Логика ФЦП – «Смешать, но не взбалтывать»
И это мы говорили только о подрядных организациях (строители, проектировщики, эксплуатанты, поставщики оборудования), работающих по контракту с государством. Как же в таких случаях существуют организации, которые совместно с государством реализуют проекты?
Когда в ФЦП описывается тот или иной инфраструктурный проект, то указывается, что такое-то количество денег будет выделено из федерального бюджета, такое-то – из регионального, столько-то вложит муниципалитет, а столько-то – частный инвестор. При этом напротив некоторых позиций может стоять и ноль. Встречаются ситуации, при которых ноль значится напротив вклада региональных властей или же все 100 % записаны за частной компанией. Тогда единственной логикой для властей включения этого проекта в ФЦП является возможность поднять номинальный (до исполнения-то еще далеко) объем частных инвестиций в целом по ФЦП (а это всегда один из назначенных показателей ее эффективности). Для частника же это возможность показать дополнительный прогосударственный статус своего проекта.

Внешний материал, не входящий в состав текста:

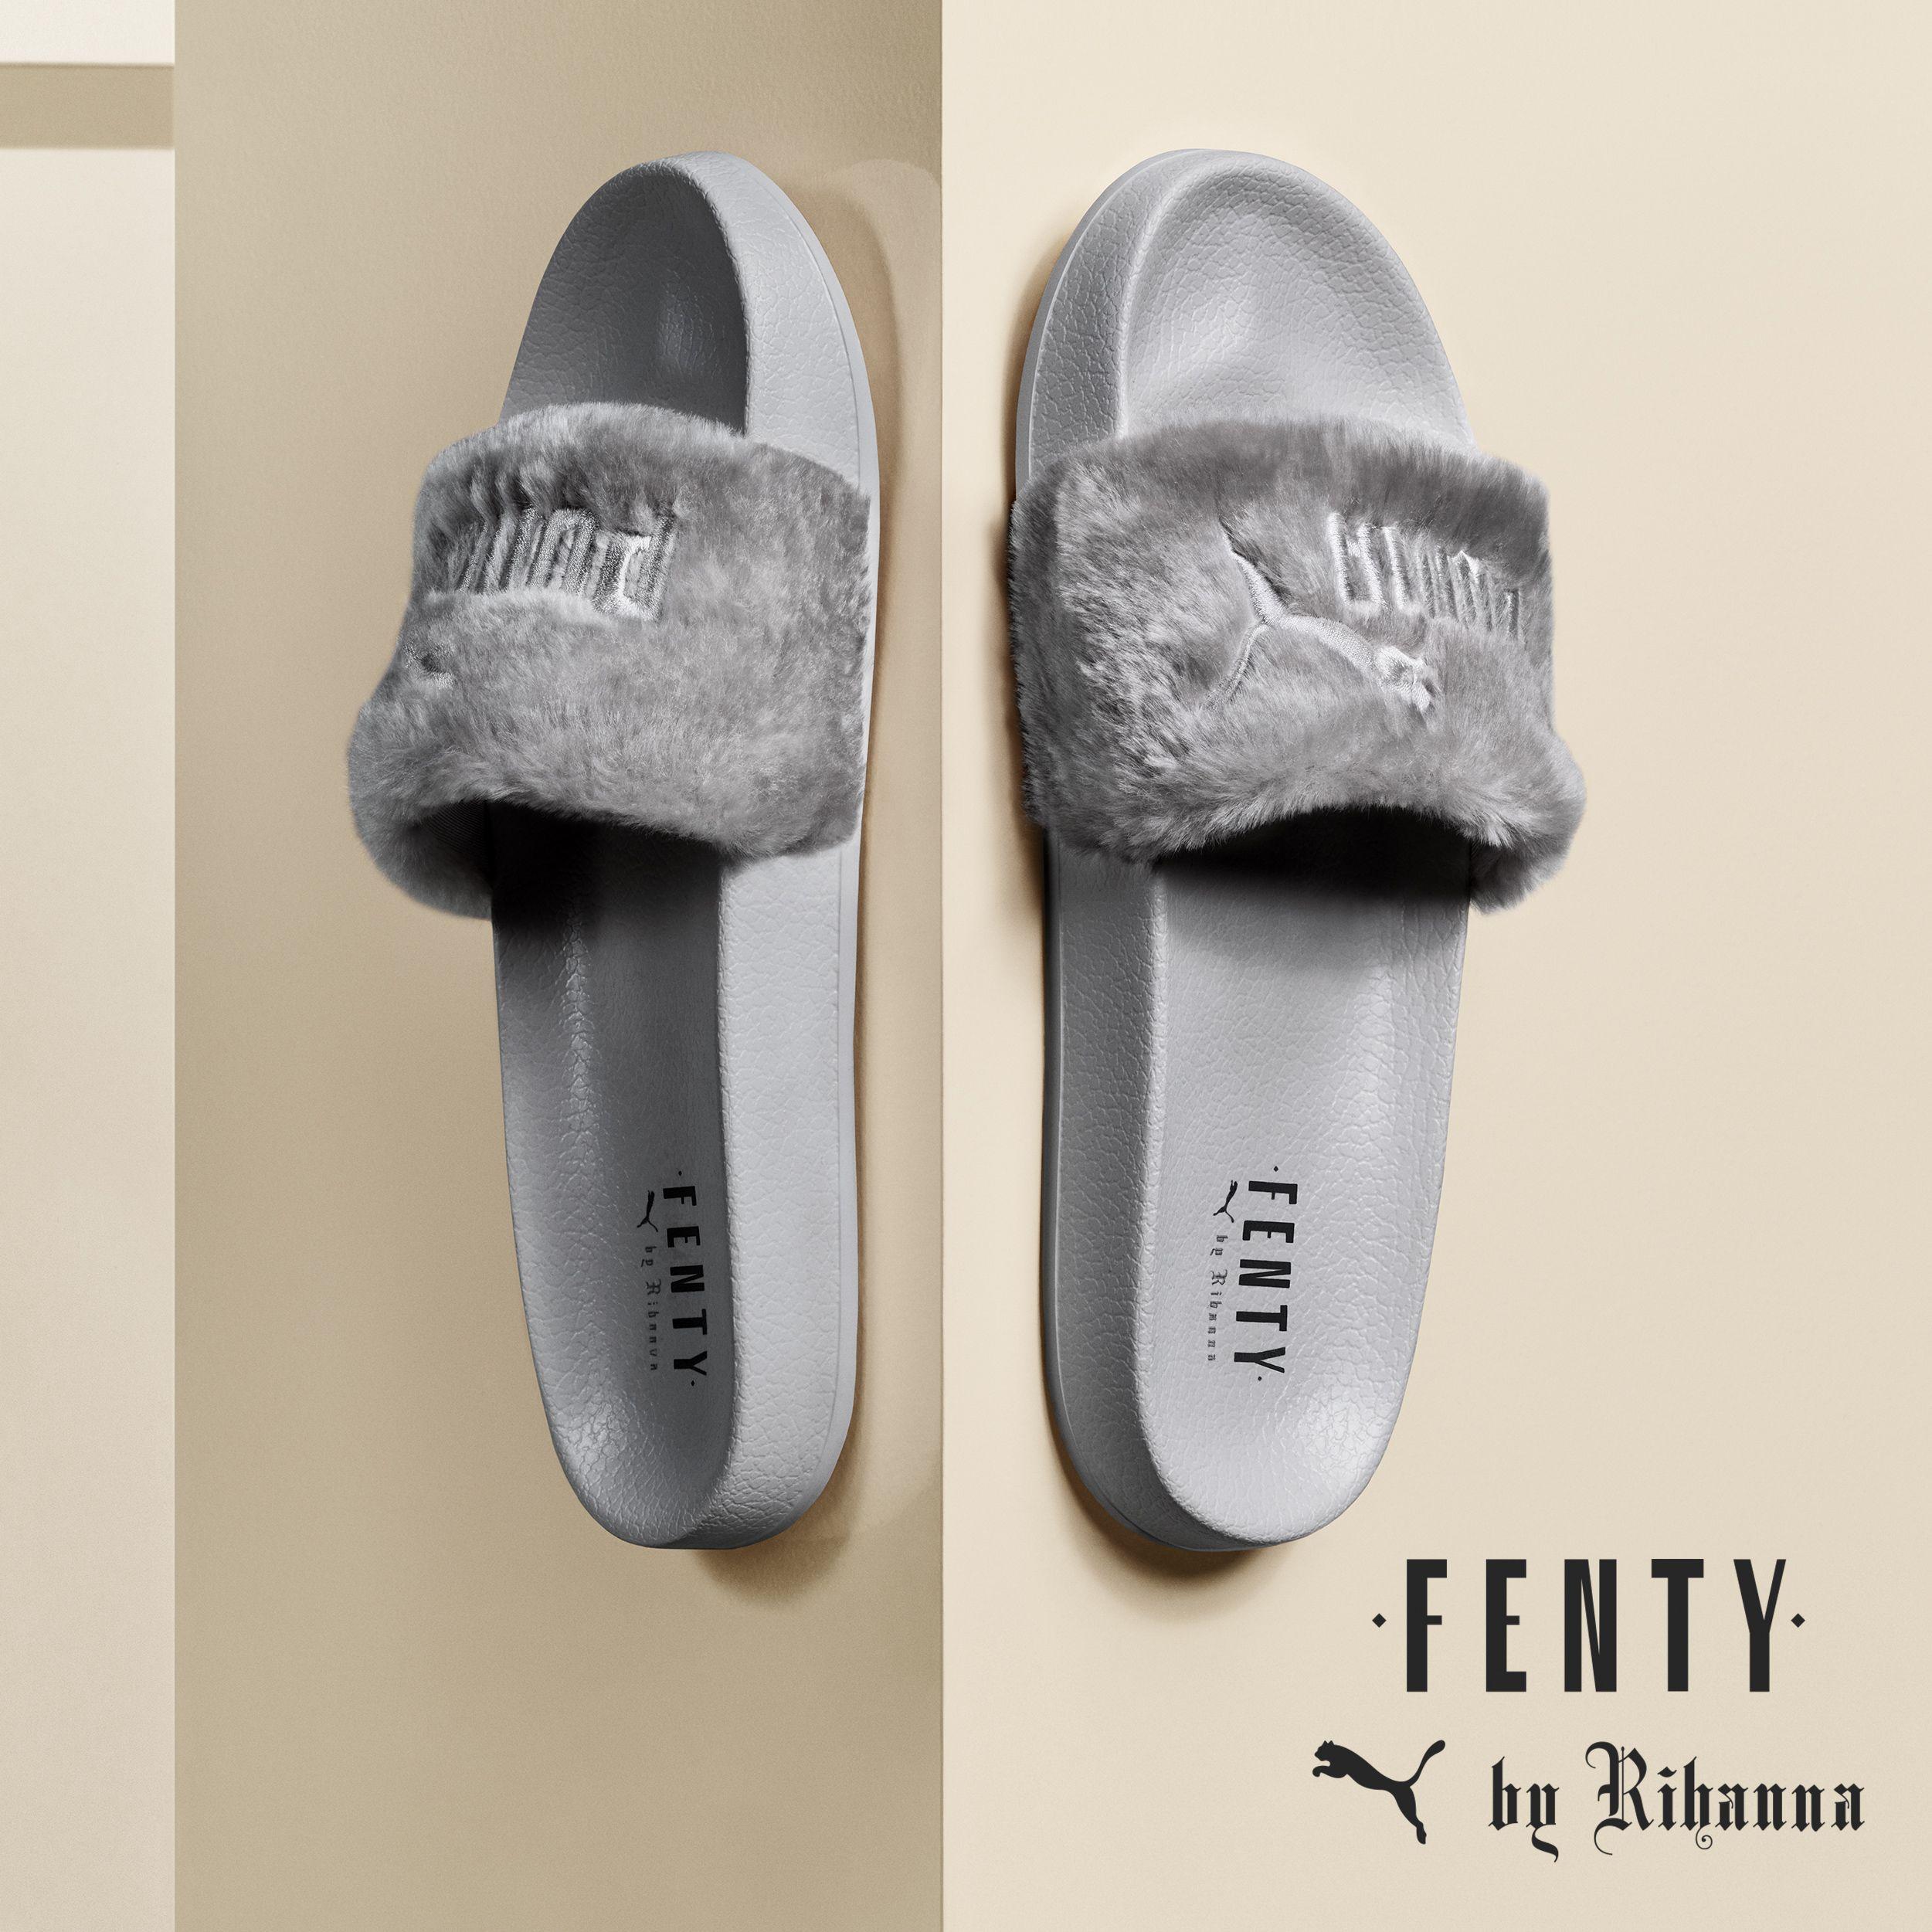 bcd2431994 Uma seleção de slide sandals para você se apaixonar e arrasar nos looks de  verão

В соответствии с отечественным бюджетным законодательством федеральный бюджет может тратить деньги только на то, что в будущем станет его собственностью. Ну или государство может выдать субсидию региону (с этого момента они становятся деньгами регионального бюджета), который добавит к ней что-то из своей казны и направит на создание уже региональной собственности. Таким образом, даже если в ФЦП указаны все четыре источника инвестиций, они могут касаться одного комплексного проекта. И при этом они не смешиваются.
Например, аэропорт в N-ском регионе. В ФЦП указано, что на реконструкцию ВПП (она в федеральной собственности, хотя некоторые ВПП переданы уже в региональную) уходит такое-то количество средств, на модернизацию энергетической инфраструктуры и подъездной автодороги – такое-то из регионального бюджета. Прочая инфраструктура – канализация и ЖКХ в целом, рулежные дорожки, перроны, световое оборудование, иная аэродромная инфраструктура, парковки и проч. – в зависимости от содержания конкретных позиций относится к ведению федерации, региона, муниципалитета или частного инвестора.
Какова надежность ФЦП?
Теперь посмотрим, каков статус ФЦП в действующем законодательстве. По сути, это лишь заявленная амбиция государства. Конечно, одобренная, но не имеющая безусловной юридической силы. Средства, указанные в ФЦП, могут быть и не доведены до ГРБС. Более того, она может быть секвестирована, пересмотрена планово или внепланово, в конце концов средства и вовсе могут быть переброшены на другой проект.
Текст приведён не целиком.